Ich versorg mich am Markt, kann aber keine neue Gasmaske finden, nur Filter. Wenn man weiterspeilt, und dann durch das Tor in die tote Stadt hinausgeht, hat man keine Chance mehr. Die Gasmaske setzt er nicht mehr auf, und wenn man noch so auf G hämmert. Die Maske wird dann nur rot links am Rand angezeigt.

Nun, wo bekomme ich also am Markt eine neue Maske? Oder wie geht es weiter.
Normalerweise dürfte einem das Spiel ja gar nicht weiterlassen, wenn man den dafür notwendigen Ausrüstungsgegenstand nicht hat.


----------



## MisterSmith (26. März 2010)

Aus dem GS-Forum:


> Steht im Handbuch: ISt die Maske rot, ist sie kaputt. Du musst eine neue
> finden. Eigentlich liegen in regelmäßigen Abständen welche rum.
> 
> Wenn es bereits zu spät ist noch eine zu suchen ehe du abnibbels, musst du wohl
> oder übel einen früheren Spielstand laden.

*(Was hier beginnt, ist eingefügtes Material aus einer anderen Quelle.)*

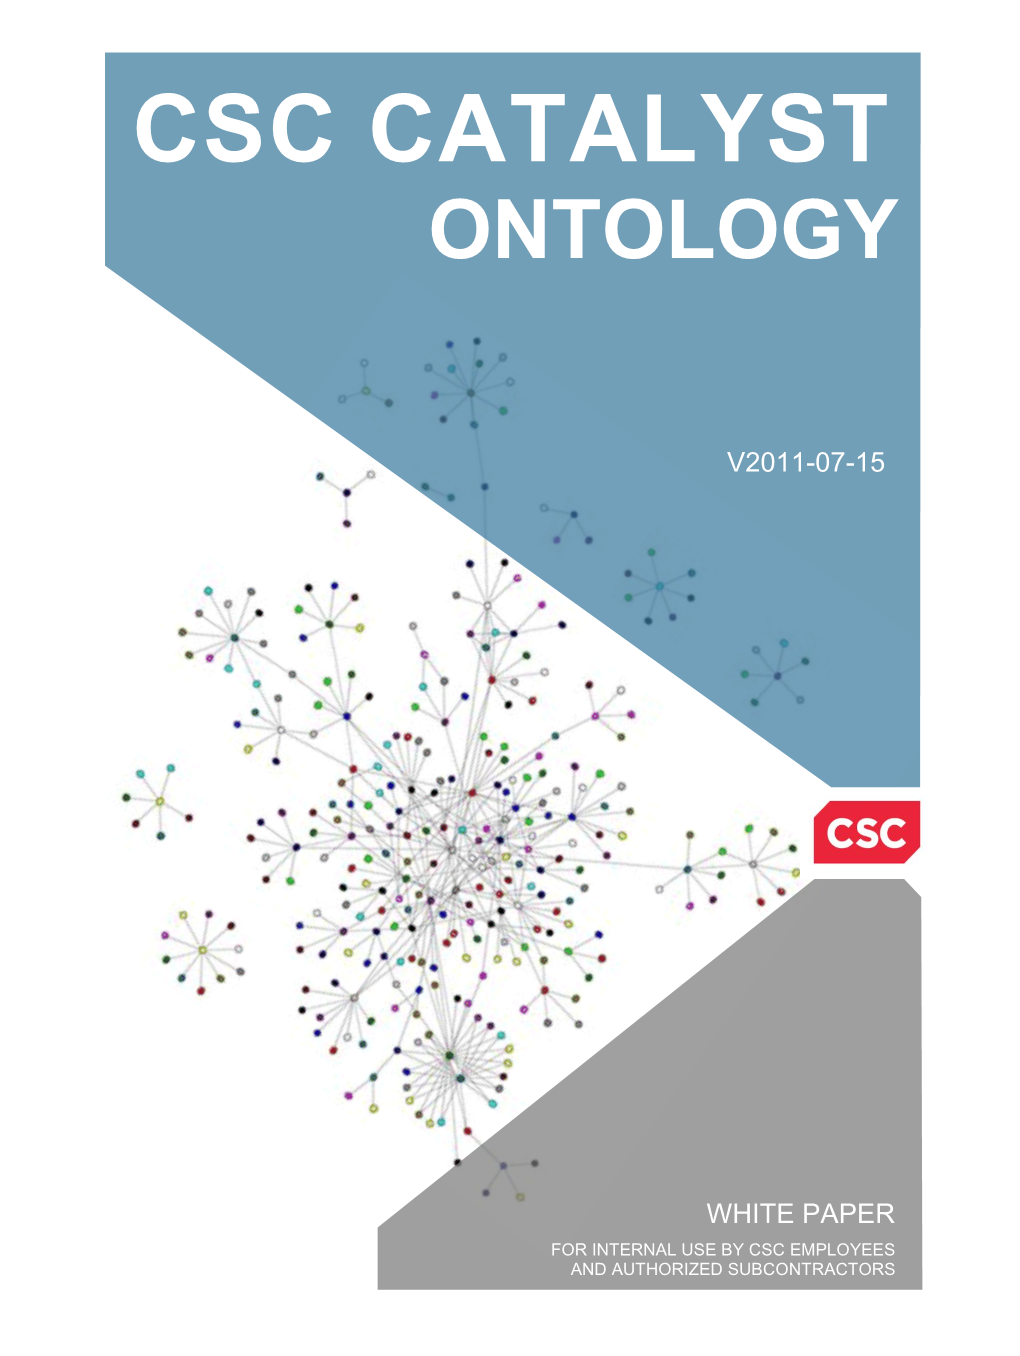 Ontology White Paper, V2011-07-15 ©2011 by Computer Sciences Corporation

www.gamestar.de/community/gspinboard/showthread.php


----------



## rohan123 (27. März 2010)

Na okay. Werd mal versuchen, eine zu finden. Aber, man muss  schon verdammt suchen. außerdem müsste einam das Spiel dann die Möglichkeit bieten, umzudrehen. Ist ja in allem Rollenspielen auch so, dass ich mich zurückziehen kann, wenn ich an einer Stelle keine Chance mehr habe, weil mir was fehlt. Das ist nicht gut gelöst - gar nicht gut, und sollte durch einen Patch dringend behoben werden.

Ansonsten Klasse Spiel.


----------